> **Given information**:
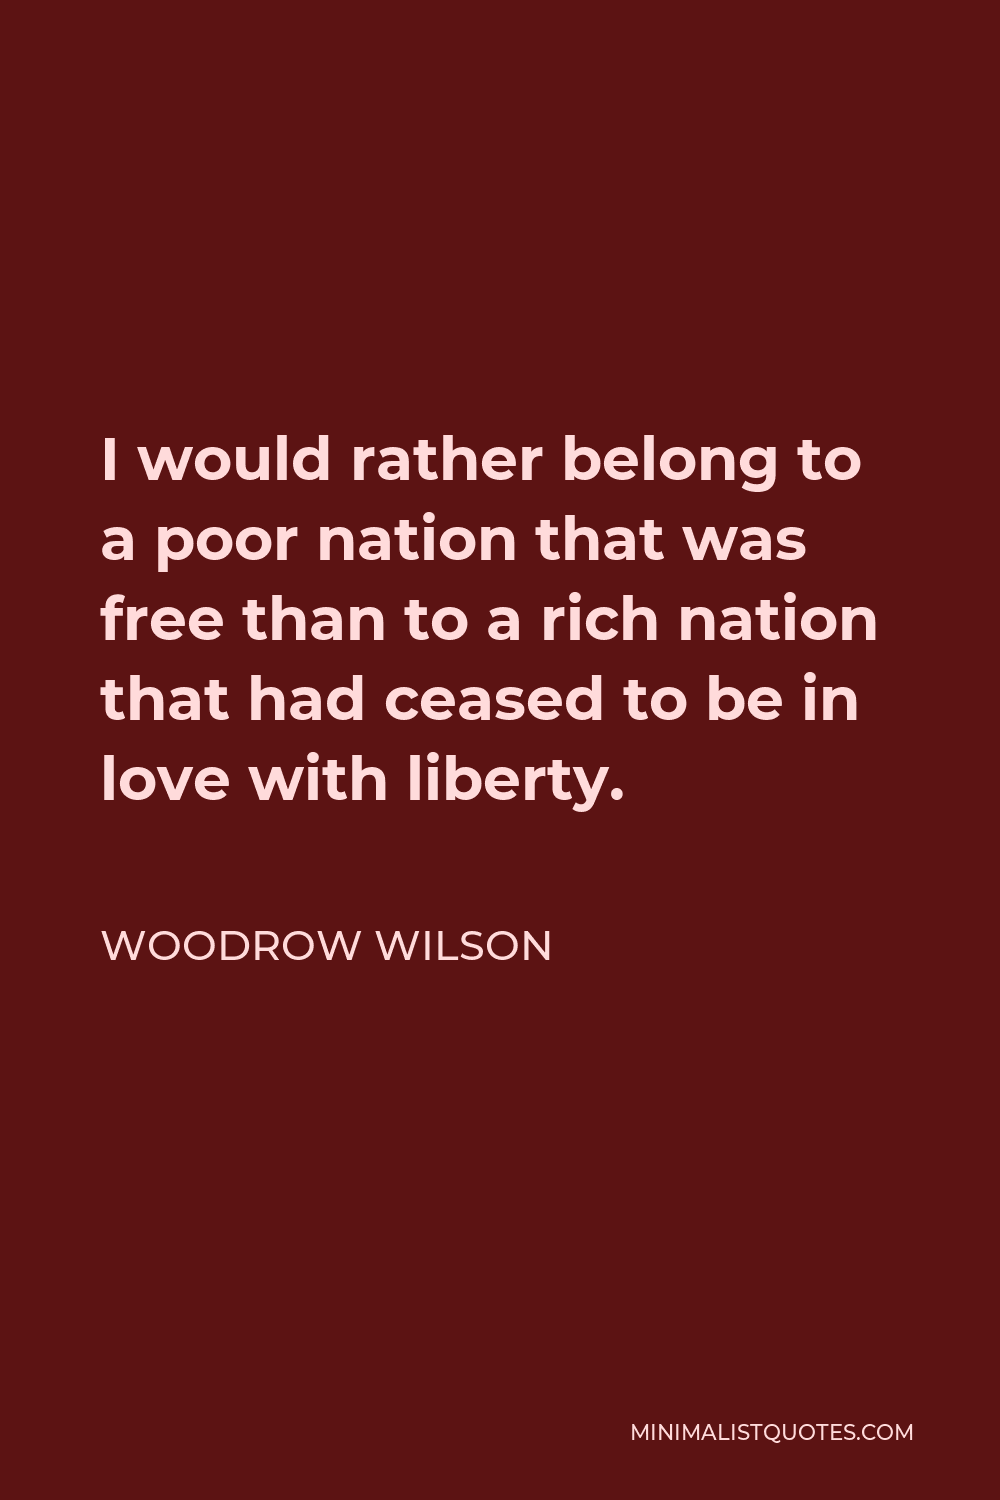 Woodrow Wilson Quote - I would rather belong to a poor nation that was free than to a rich nation that had ceased to be in love with liberty.
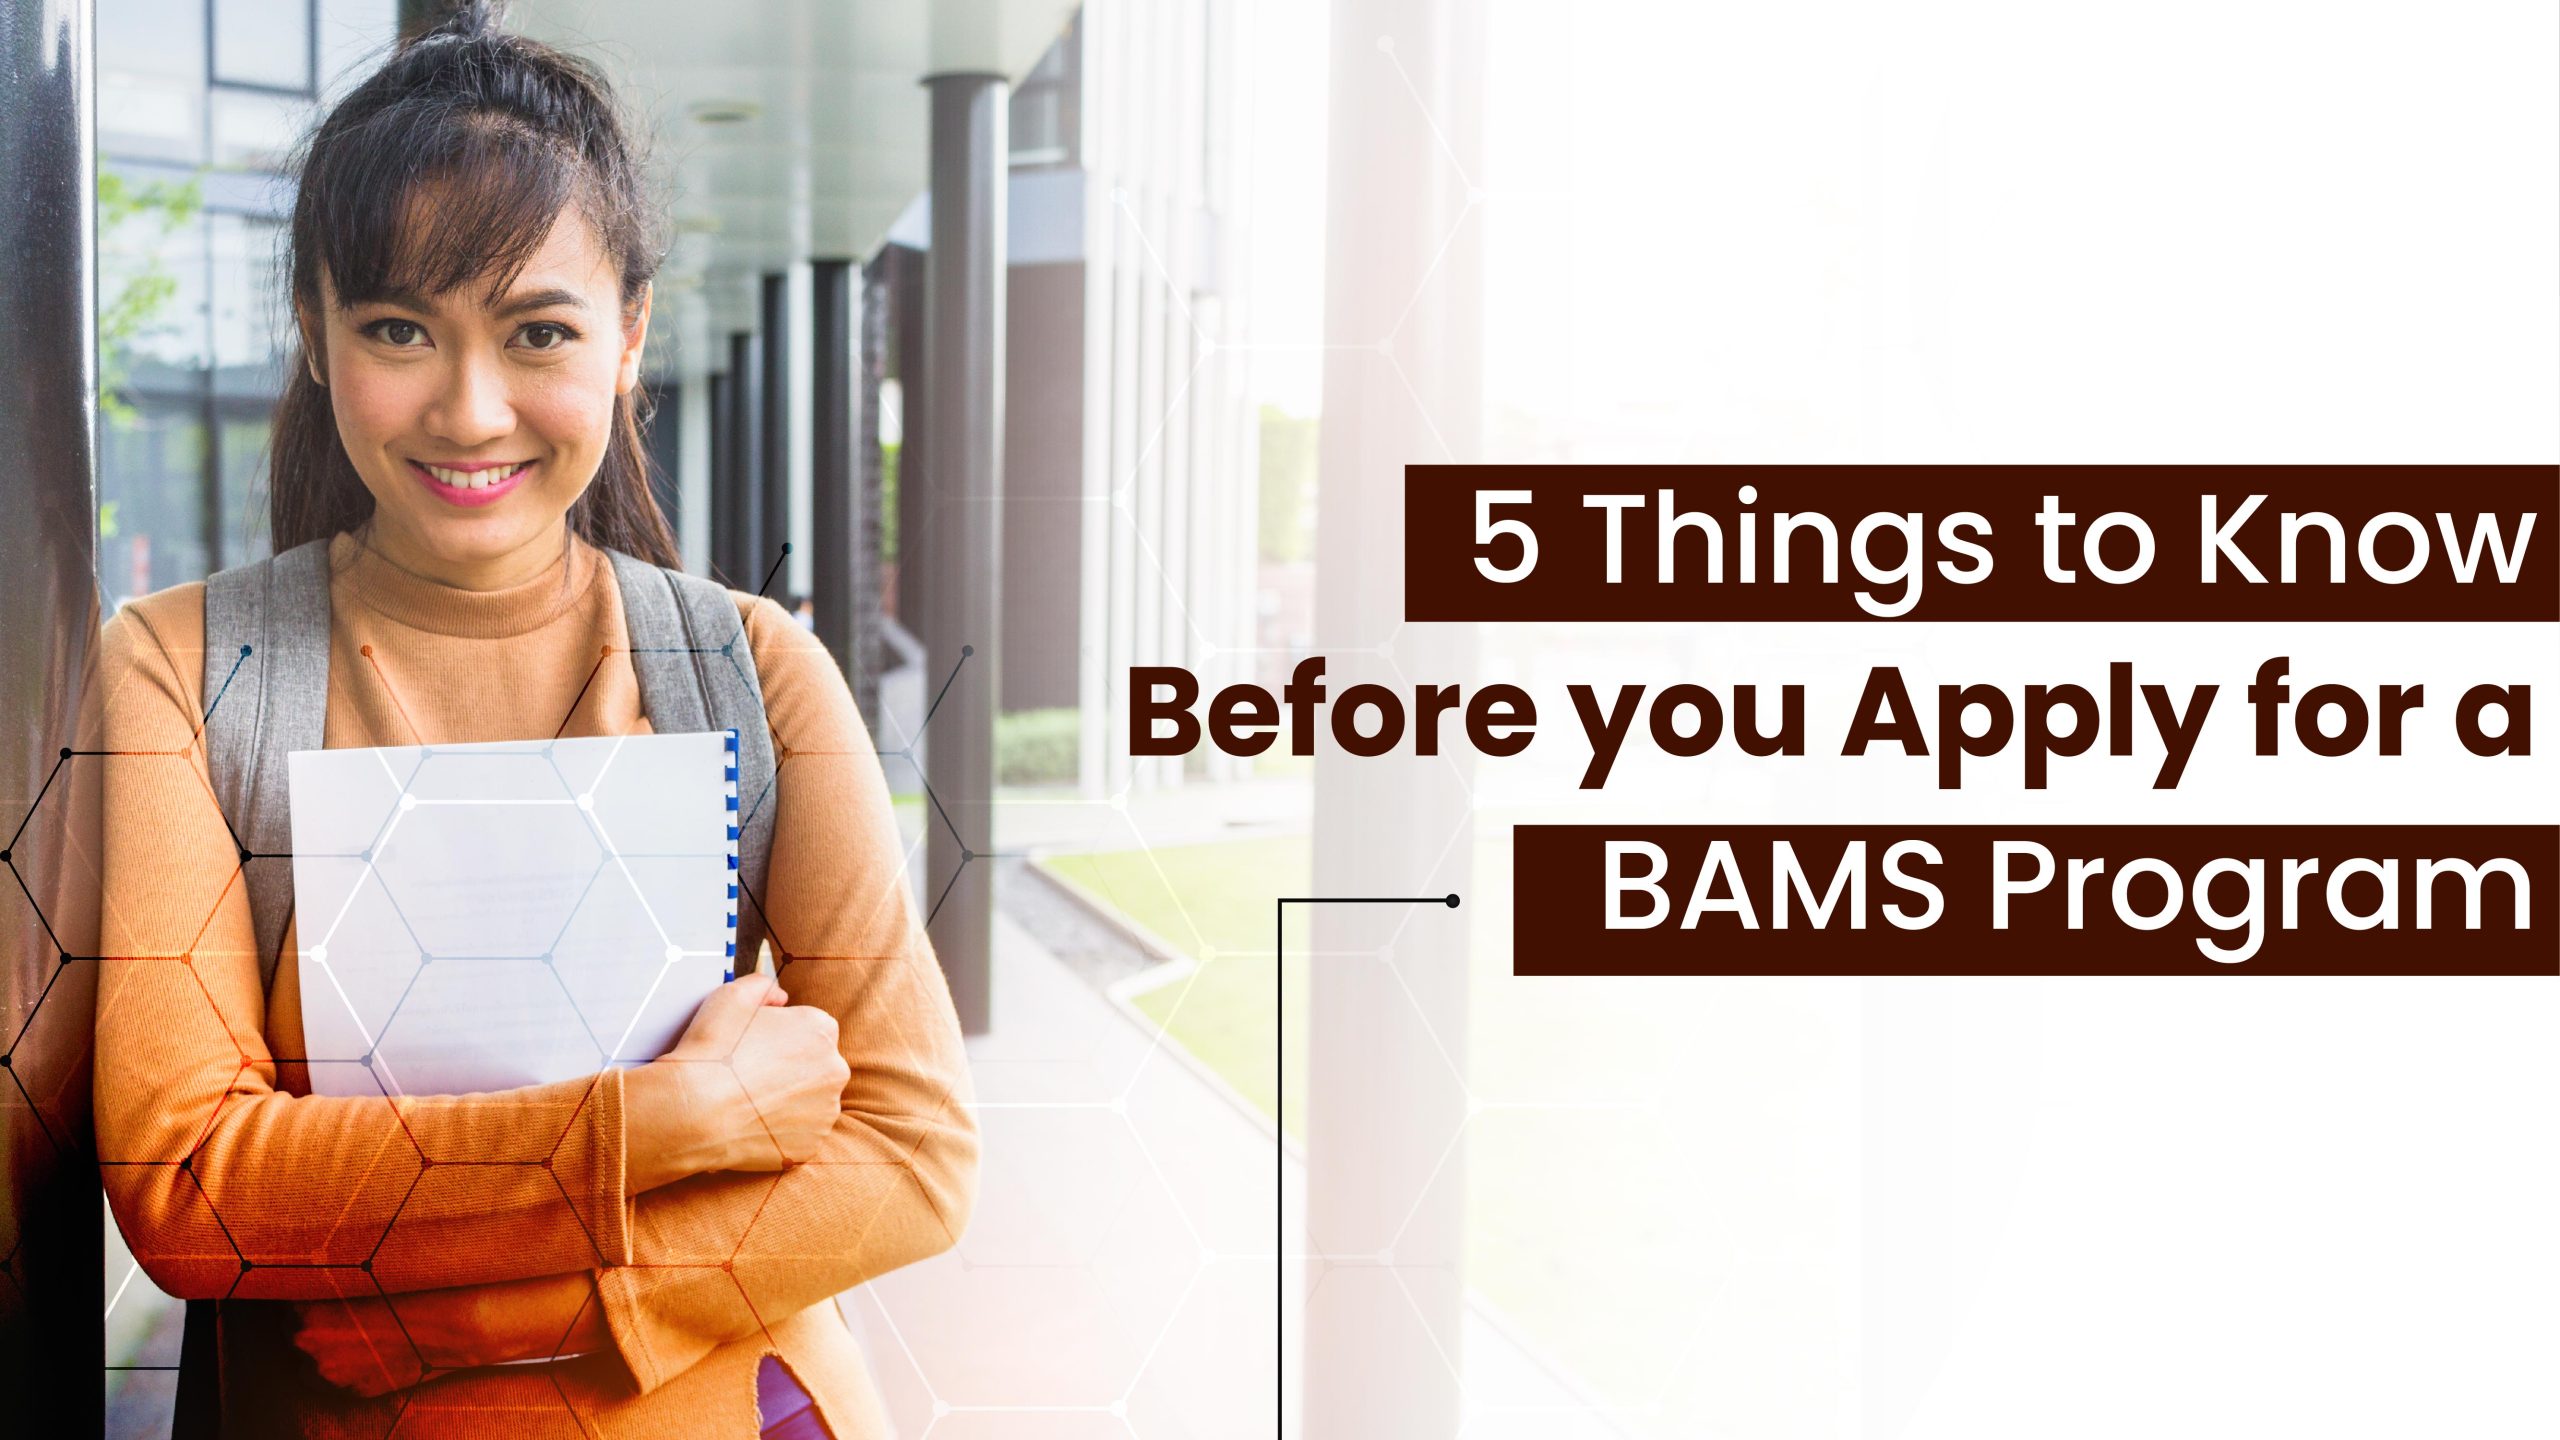 5 Things to Know Before you Apply for a BAMS Program
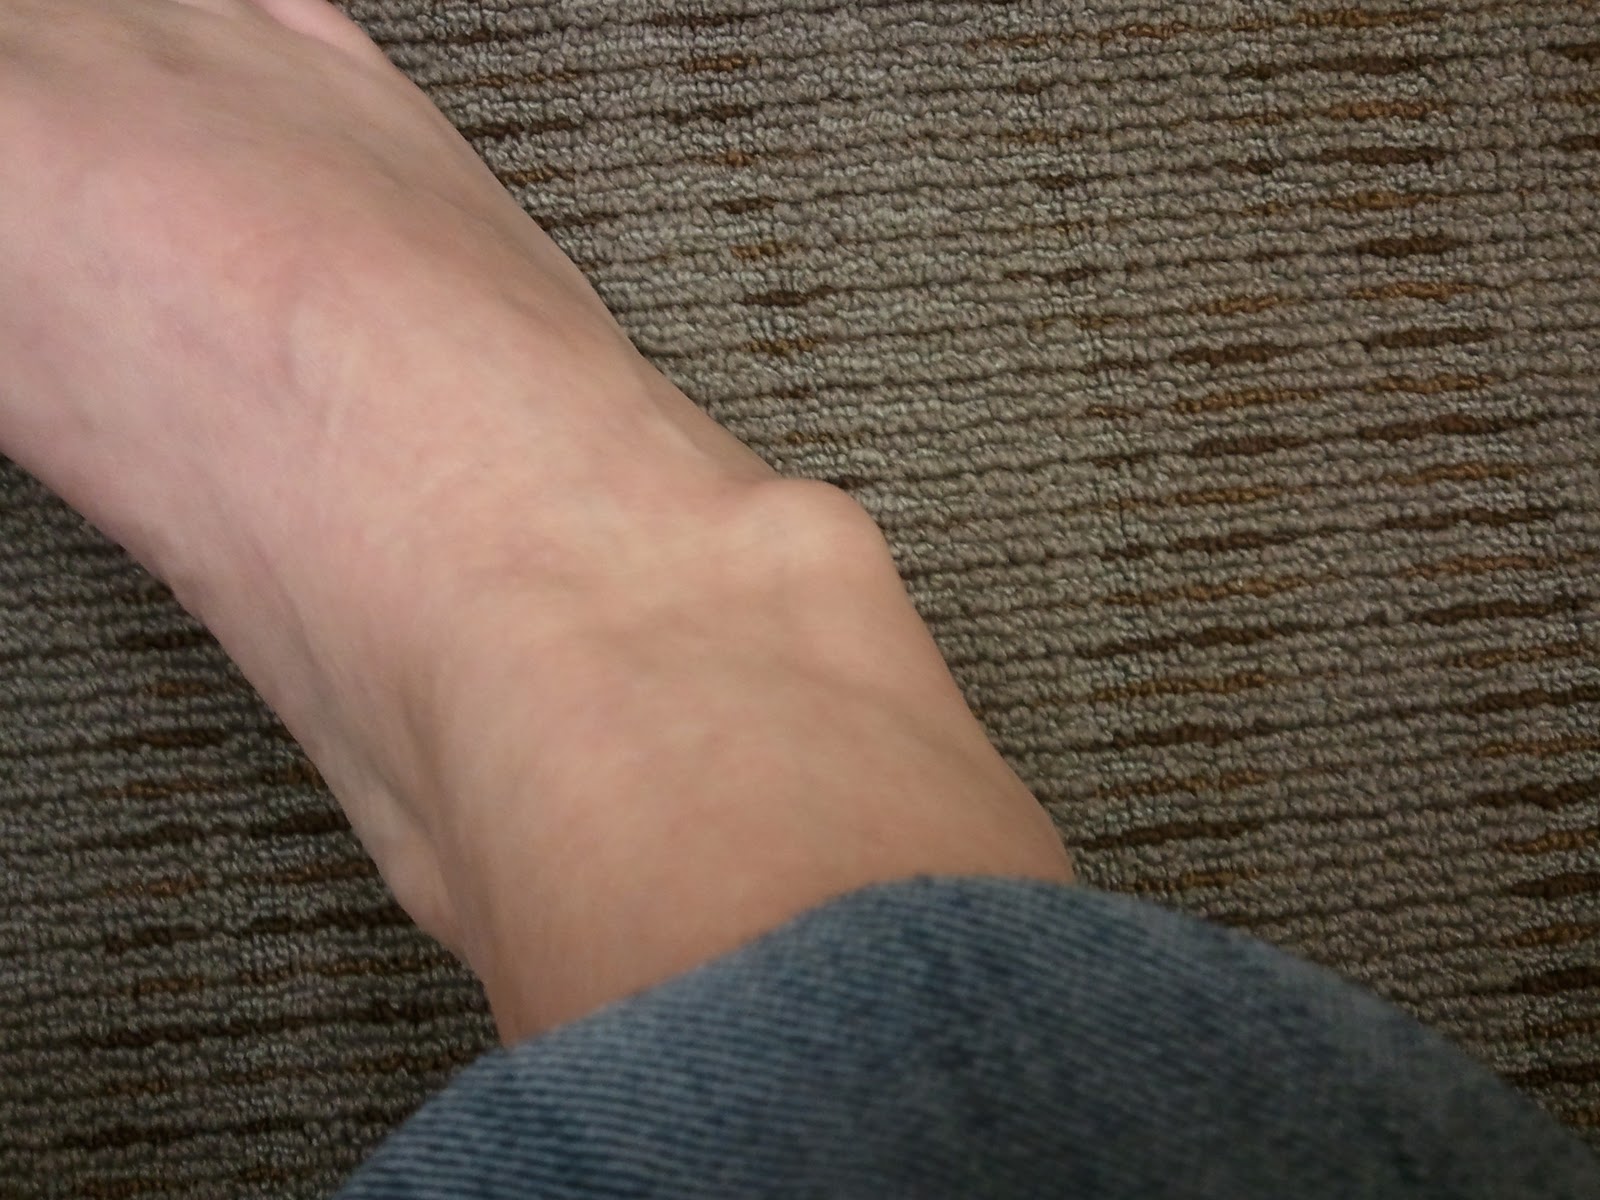 Why Do You Have Lump on Your Ankle? | MD-Health.com
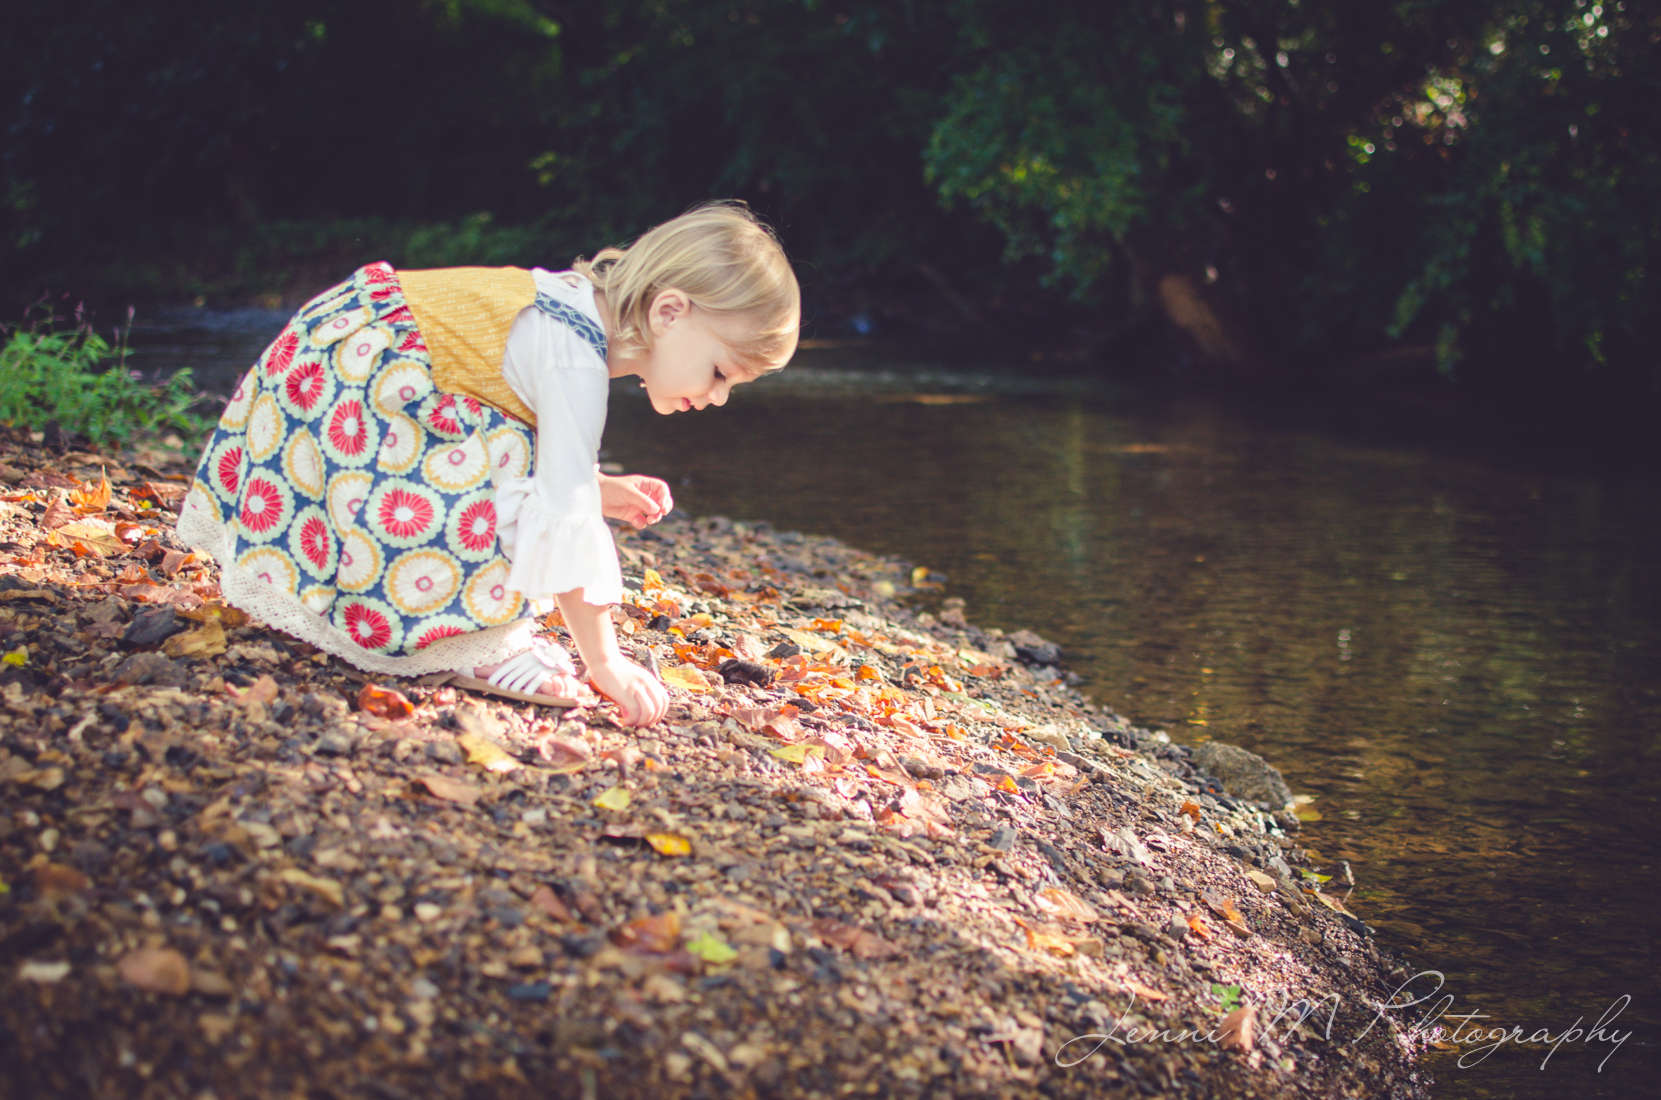 Jenni M Photography 2 year old birthday photography outdoor affordable natural-4

> **Task statement**: Going from the line that holds "5 Things to" to the end of the listing above, copy each line exactly and nothing more, leaving pictures aside.

> **Response below**:
 5 Things to Know Before you Apply for a BAMS Program
 Why Do You Have Lump on Your Ankle? | MD-Health.com
 Jenni M Photography 2 year old birthday photography outdoor affordable natural-4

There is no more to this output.